[Material for this task]
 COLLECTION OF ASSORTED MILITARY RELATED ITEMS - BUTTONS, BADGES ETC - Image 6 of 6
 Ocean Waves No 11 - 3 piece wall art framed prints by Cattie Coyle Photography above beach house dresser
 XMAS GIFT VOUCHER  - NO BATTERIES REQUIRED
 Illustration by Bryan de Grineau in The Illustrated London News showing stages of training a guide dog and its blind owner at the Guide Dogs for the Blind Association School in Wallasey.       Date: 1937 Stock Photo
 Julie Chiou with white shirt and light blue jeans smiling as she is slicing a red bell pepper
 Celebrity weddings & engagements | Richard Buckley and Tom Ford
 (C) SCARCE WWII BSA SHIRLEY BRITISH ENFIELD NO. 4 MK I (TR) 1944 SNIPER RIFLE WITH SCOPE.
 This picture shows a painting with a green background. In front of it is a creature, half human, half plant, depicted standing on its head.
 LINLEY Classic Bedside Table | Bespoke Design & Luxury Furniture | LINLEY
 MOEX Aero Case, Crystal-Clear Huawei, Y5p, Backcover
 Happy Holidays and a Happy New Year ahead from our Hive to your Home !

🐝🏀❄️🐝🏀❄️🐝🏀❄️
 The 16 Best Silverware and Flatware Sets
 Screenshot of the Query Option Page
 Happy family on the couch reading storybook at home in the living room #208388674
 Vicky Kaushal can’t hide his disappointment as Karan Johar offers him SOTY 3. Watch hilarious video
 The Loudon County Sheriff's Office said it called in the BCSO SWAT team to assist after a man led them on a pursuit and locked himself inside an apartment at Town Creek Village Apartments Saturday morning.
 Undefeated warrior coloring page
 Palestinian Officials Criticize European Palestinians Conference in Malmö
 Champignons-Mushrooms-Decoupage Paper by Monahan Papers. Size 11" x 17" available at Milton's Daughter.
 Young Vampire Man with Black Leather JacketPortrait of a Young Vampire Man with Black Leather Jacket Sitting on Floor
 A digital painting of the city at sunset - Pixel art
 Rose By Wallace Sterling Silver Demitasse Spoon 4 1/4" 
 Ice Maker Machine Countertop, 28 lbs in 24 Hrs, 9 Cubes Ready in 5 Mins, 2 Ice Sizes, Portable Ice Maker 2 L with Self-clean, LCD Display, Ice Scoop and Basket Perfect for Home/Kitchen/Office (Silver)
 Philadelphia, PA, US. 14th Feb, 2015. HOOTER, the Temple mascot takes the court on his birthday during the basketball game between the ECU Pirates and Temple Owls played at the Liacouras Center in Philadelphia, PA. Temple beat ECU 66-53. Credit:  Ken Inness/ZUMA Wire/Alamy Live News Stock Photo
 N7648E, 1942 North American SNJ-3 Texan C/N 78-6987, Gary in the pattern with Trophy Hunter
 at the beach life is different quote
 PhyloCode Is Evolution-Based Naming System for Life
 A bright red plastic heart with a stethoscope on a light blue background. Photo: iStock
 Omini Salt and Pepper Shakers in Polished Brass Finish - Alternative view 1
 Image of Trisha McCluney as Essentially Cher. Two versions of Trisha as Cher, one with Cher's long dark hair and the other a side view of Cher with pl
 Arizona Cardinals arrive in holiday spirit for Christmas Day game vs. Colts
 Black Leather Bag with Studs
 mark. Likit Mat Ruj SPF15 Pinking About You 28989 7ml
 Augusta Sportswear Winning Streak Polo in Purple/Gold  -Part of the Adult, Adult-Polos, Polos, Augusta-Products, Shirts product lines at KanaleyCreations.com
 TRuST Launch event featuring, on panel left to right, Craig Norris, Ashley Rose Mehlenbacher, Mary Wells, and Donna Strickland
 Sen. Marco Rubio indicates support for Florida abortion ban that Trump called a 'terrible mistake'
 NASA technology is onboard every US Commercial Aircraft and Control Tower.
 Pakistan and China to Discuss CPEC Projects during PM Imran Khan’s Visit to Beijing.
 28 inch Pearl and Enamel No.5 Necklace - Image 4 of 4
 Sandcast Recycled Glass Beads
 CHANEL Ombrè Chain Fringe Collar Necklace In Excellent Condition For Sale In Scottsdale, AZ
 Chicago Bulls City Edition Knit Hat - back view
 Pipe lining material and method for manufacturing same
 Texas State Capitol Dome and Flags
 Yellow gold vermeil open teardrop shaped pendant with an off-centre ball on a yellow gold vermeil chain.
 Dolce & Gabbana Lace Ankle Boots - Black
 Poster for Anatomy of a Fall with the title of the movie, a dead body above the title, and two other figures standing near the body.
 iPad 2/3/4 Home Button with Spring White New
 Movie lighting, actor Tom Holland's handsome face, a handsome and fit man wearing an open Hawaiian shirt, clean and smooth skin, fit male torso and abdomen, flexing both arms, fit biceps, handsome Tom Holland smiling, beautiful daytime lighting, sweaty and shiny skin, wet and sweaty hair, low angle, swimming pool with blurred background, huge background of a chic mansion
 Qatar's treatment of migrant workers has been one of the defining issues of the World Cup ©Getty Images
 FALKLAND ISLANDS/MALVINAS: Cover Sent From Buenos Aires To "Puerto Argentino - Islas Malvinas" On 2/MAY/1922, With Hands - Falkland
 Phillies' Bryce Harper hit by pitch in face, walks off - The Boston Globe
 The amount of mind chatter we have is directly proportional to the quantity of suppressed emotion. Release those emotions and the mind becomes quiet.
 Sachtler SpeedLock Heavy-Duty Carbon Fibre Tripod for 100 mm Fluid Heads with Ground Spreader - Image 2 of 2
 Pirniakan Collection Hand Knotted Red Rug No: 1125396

[Work instruction]
Restate the data verbatim through the "Champignons-Mushrooms-Decoupage Paper by" line.

[Task solution]
 COLLECTION OF ASSORTED MILITARY RELATED ITEMS - BUTTONS, BADGES ETC - Image 6 of 6
 Ocean Waves No 11 - 3 piece wall art framed prints by Cattie Coyle Photography above beach house dresser
 XMAS GIFT VOUCHER  - NO BATTERIES REQUIRED
 Illustration by Bryan de Grineau in The Illustrated London News showing stages of training a guide dog and its blind owner at the Guide Dogs for the Blind Association School in Wallasey.       Date: 1937 Stock Photo
 Julie Chiou with white shirt and light blue jeans smiling as she is slicing a red bell pepper
 Celebrity weddings & engagements | Richard Buckley and Tom Ford
 (C) SCARCE WWII BSA SHIRLEY BRITISH ENFIELD NO. 4 MK I (TR) 1944 SNIPER RIFLE WITH SCOPE.
 This picture shows a painting with a green background. In front of it is a creature, half human, half plant, depicted standing on its head.
 LINLEY Classic Bedside Table | Bespoke Design & Luxury Furniture | LINLEY
 MOEX Aero Case, Crystal-Clear Huawei, Y5p, Backcover
 Happy Holidays and a Happy New Year ahead from our Hive to your Home !

🐝🏀❄️🐝🏀❄️🐝🏀❄️
 The 16 Best Silverware and Flatware Sets
 Screenshot of the Query Option Page
 Happy family on the couch reading storybook at home in the living room #208388674
 Vicky Kaushal can’t hide his disappointment as Karan Johar offers him SOTY 3. Watch hilarious video
 The Loudon County Sheriff's Office said it called in the BCSO SWAT team to assist after a man led them on a pursuit and locked himself inside an apartment at Town Creek Village Apartments Saturday morning.
 Undefeated warrior coloring page
 Palestinian Officials Criticize European Palestinians Conference in Malmö
 Champignons-Mushrooms-Decoupage Paper by Monahan Papers. Size 11" x 17" available at Milton's Daughter.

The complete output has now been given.